If you have a sensation, i.e., interaction with the external environment, what is its impact on you as a living being? To be able to have a sensation, you must be able to distinguish that stimulus from another stimulus. This cannot be a subjective capacity but must be a feature of the world because if there were no differences in the world, you could not discern one through your sensory organs.
But is it possible to have a red sensation if there were no red things in reality out there? Indeed, in order to discriminate among sensations, the stimuli must already be different, but what is the immediate relationship between a stimulus and its associated sensation?
We would be pretty almighty wizards if we were able to create such an infinity of different qualities – like those we perceive almost every day – starting from a stuff devoid of qualities, don’t you think? And, since there must be a difference between stimuli so that we can interact with them, it means that the endless number of qualities we perceive must exist objectively, at least concerning their differences.
Red and black may not exist objectively as such, but a difference between what corresponds externally to our red and our black must exist; otherwise, we would be the creators of this difference. And then there are innumerable nuances of red or any other color in general. Again, if we do not believe we are almighty wizards, those shades are not creations of our minds but must be given to us.
The Newtonian theory of light teaches us that colors are waves and that the quality of a color does not exist in truth, but it is only that waves of light pervade external space. We are thus bathed in a myriad of different luminous waves.
However, we can only grasp colors with the surfaces on which they are spread. This is why we say that colors belong to things and are their attributes. This means that we are unable to grasp a color if it is not associated with something consistent and is ineffable, like a pure light wave.
The color must be located in a spot and not spread throughout the universe. This is why it is not by accident that common speech tells us that colors belong to things.
Be that as it may, those waves coming from the colored surfaces of things are expressions of some interactions between light waves and the material things on which they are spread, or are direct results of the emanation of those material bodies. The red apple is not dyed red, but its redness emanates from the apple itself. In this regard, the redness is its quality, or, as the ancients said, its way of being. Qualities are ways of being.
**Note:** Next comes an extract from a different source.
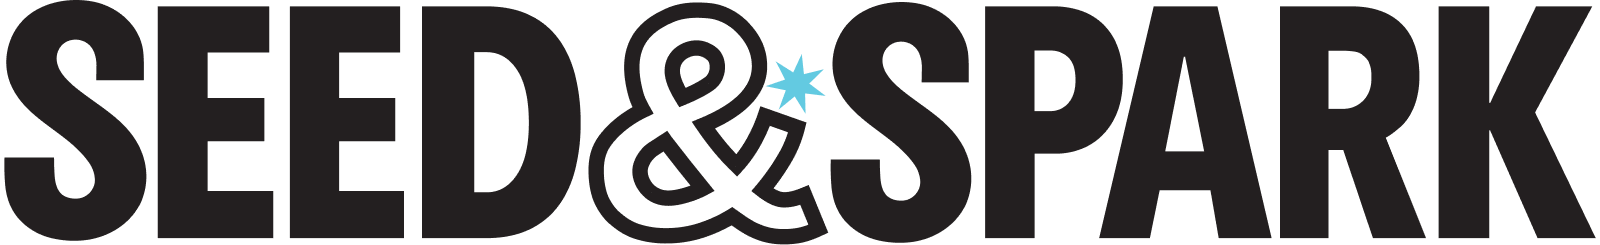 Seed_Spark-logo-default.png

We find thus that one of the Kantian categories cannot belong only to the human mind but must have an objective correspondent, the category of substance and inherence, of one thing and its properties. The external stimulus must have a spatially located intensity in its action on us so that we may discern it; that is to say, it must somehow have a confined shape.
That means, also, that space cannot be exclusively a human a priori intuition, but rather is a precondition of Being itself. Things, in general, cannot interact with each other if they cannot locate each other and spot each other’s qualities. Whatever I experience as being different from me must be experienced in a different place than where I am.
Of course, this experience is not necessarily yet the fully articulated spatial experience we humans have. Kant rightly says that we cannot experience something if we do not think of it as a unity that supports all its attributes.
Now, the point is not only that we cannot experience it, but we could not even interact with it if it were not confined. So we need things around us to be material in order to make their experience: things that are unities and endowed with many properties. The Kantian productive imagination does not create the sensation but only what we could call the form of sensation, i.e., its continuity and space attribution, a form based on the a priori intuitions of time and space.
However, the same thing happens here as with the famous problem of causality as a category of the human mind. Kant was criticized even during his lifetime in this respect. It was said that one could never have any experience if it were not attributed to real external things, because we should deny the objective causal action of things in themselves on human knowledge.
And Kant indeed accepted causality as a possible objective feature of things, as far as we call them noumena, that is to say things that are not given in our sensibility. But, in that case, he denied any connection with the intuition of time. This lack of connection stops us in fact from really knowing those things.
In the same way, we should say that spatiality – and with it form, i.e., property, too – must exist beyond the human mind, because otherwise we simply could not interact with things. It is not only that we could not have their experience as knowledge, but that nothing could act on us if it lacked (some sort of) spatiality, i.e., if it were not a somehow spatially confined center of action.
Of course, nothing from all this is thinkable once you fully enter the Kantian game and accept the premise that our sensations are just ‘matter’ of knowledge and, therefore, implicitly, they must have a chaotic character, which awaits the ordering power of human a priori capacities.
Kant seems to have apprehended these possibilities. This may be why he revised his approach in the second edition of his Critique of Pure Reason. Whereas in the first edition, he tried to show how human categories build themselves in our minds, in the second edition, he seems to abandon this track, being interested instead in the critical dimension of his approach, namely in showing how these categories are the necessary elements of our knowledge and why they limit our knowledge to our experience.
Such an interpretation is compatible with his claim that there exists a history of pure reason, namely that humans develop their knowledge, and in this knowledge, their concepts become more and more accurate, aiming at reaching the ‘sure path of science.’ But on the other hand, such a hypothesis also allows continuity with German Idealism, especially with Hegel and his historical understanding of philosophy.